● **What you are asked to do**:
The data must be given again exactly as written, with all images omitted.

-------- Given data --------

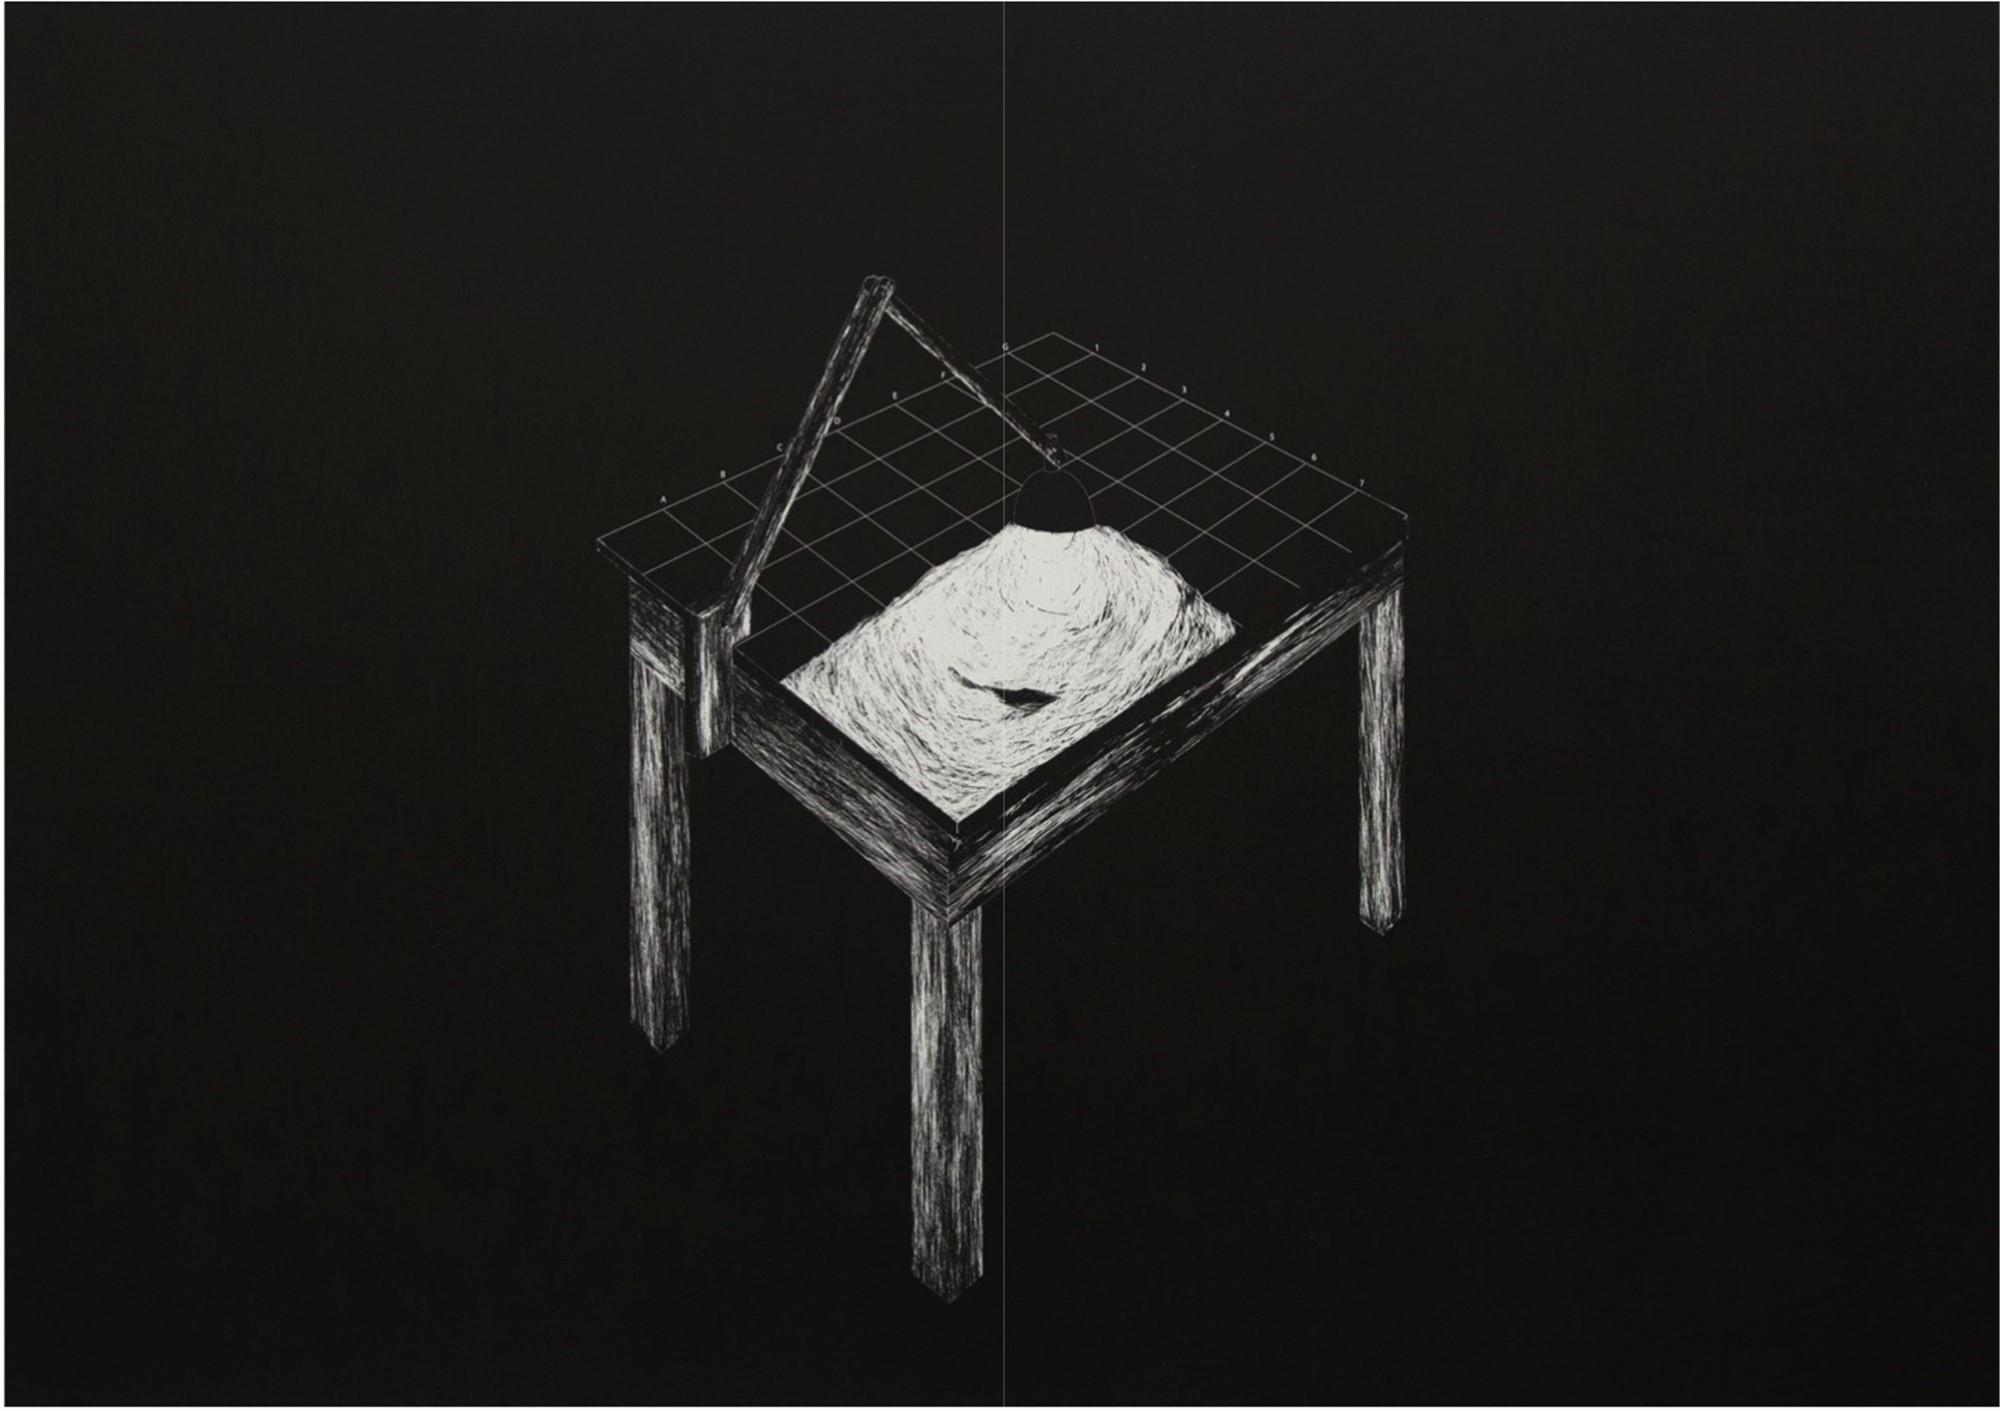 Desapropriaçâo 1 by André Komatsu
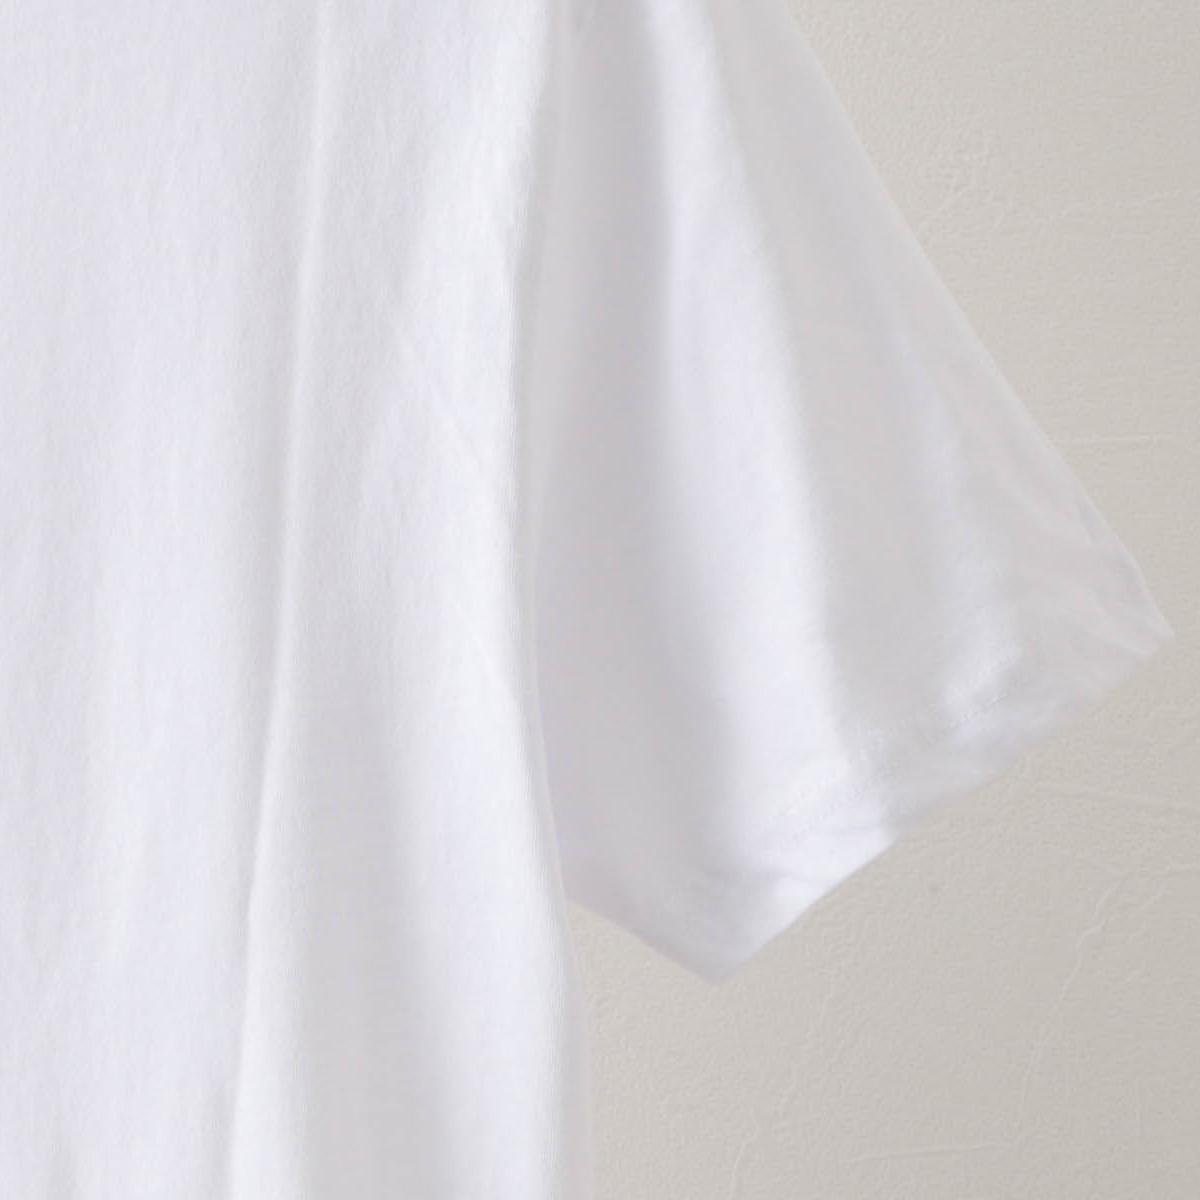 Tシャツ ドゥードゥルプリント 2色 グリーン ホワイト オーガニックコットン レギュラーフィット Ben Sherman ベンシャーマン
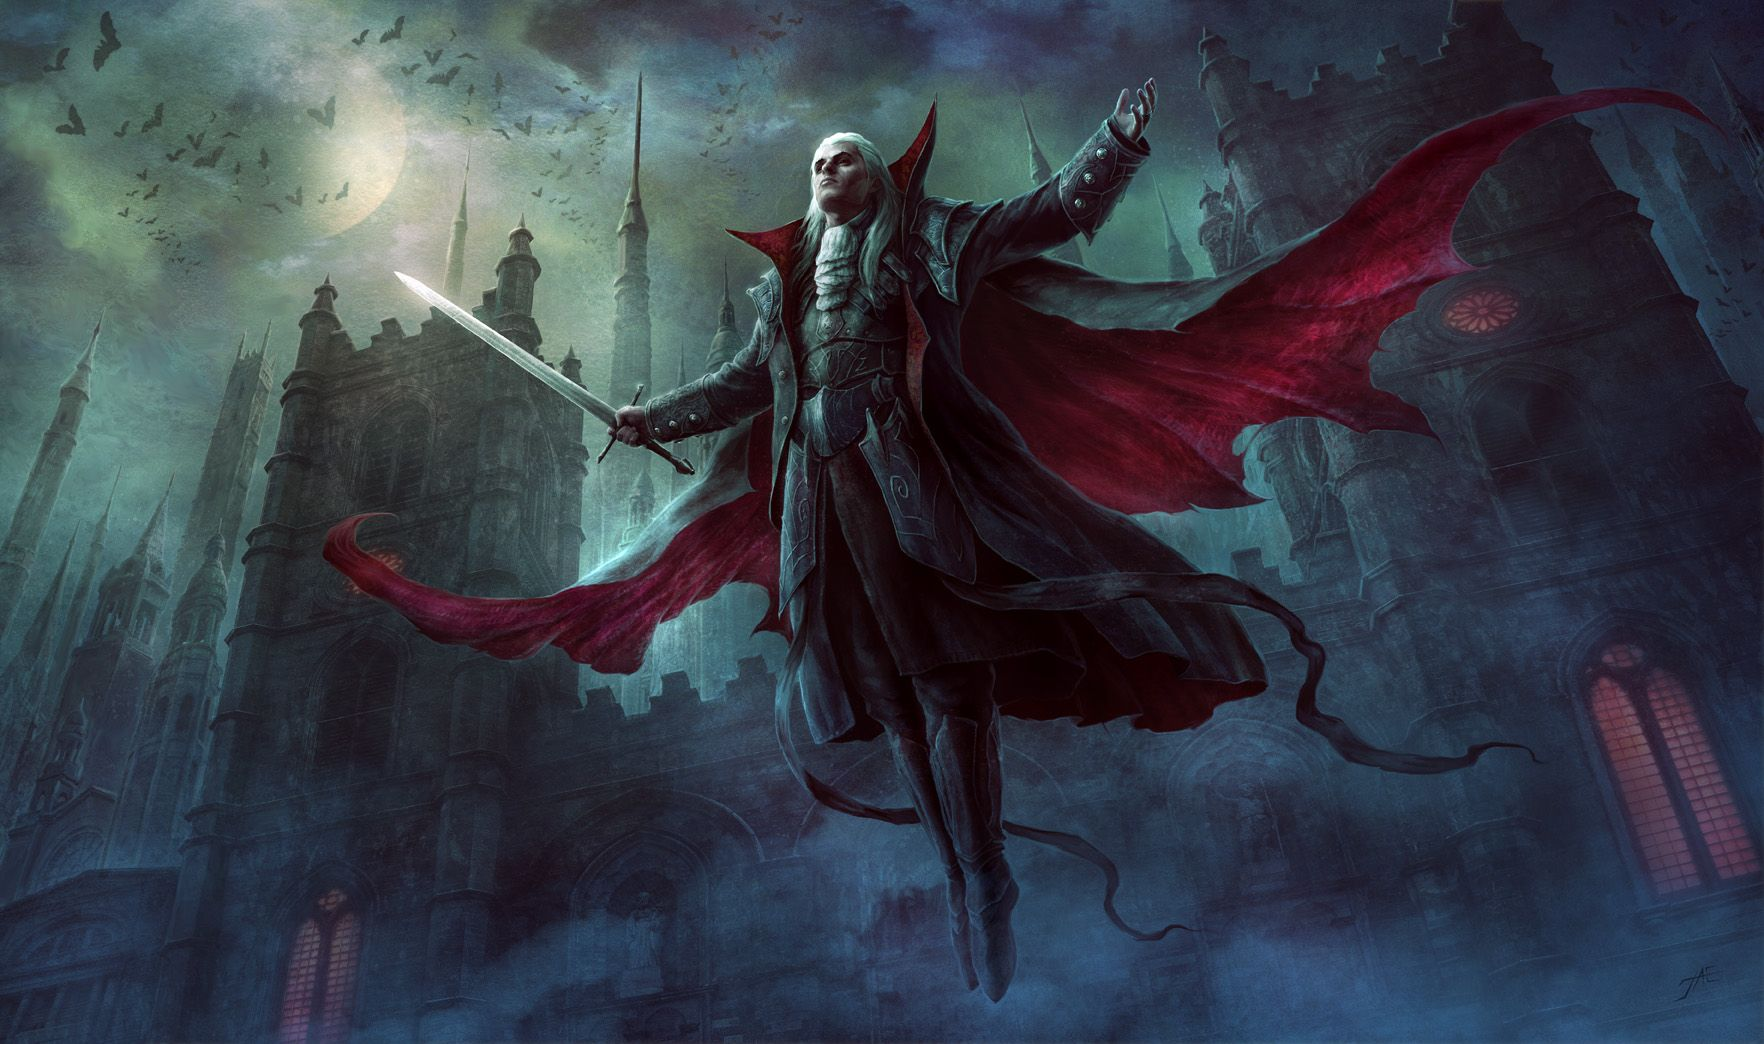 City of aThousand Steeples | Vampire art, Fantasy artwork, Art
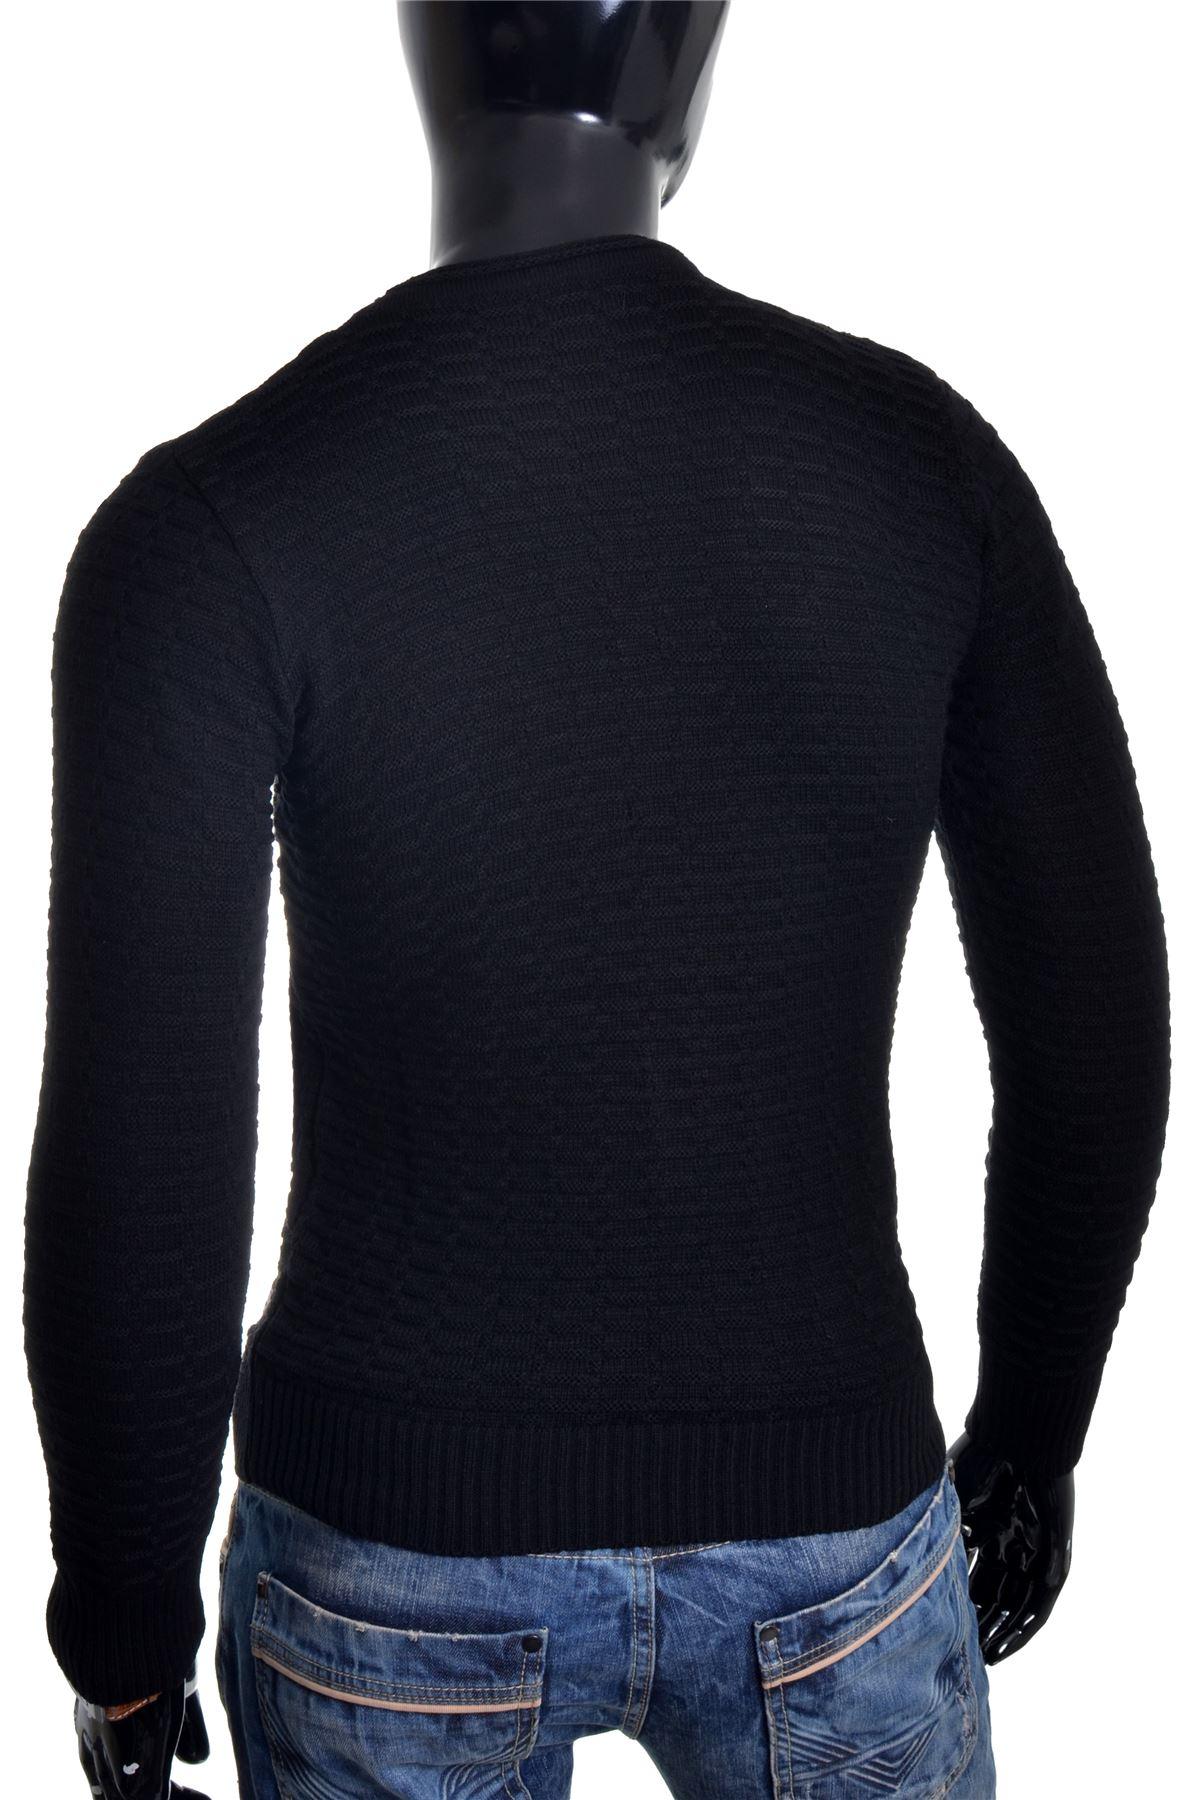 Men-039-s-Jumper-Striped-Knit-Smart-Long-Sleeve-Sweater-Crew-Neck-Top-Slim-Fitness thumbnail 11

--------

● **Your response**:
 Desapropriaçâo 1 by André Komatsu
 Tシャツ ドゥードゥルプリント 2色 グリーン ホワイト オーガニックコットン レギュラーフィット Ben Sherman ベンシャーマン
 City of aThousand Steeples | Vampire art, Fantasy artwork, Art
 Men-039-s-Jumper-Striped-Knit-Smart-Long-Sleeve-Sweater-Crew-Neck-Top-Slim-Fitness thumbnail 11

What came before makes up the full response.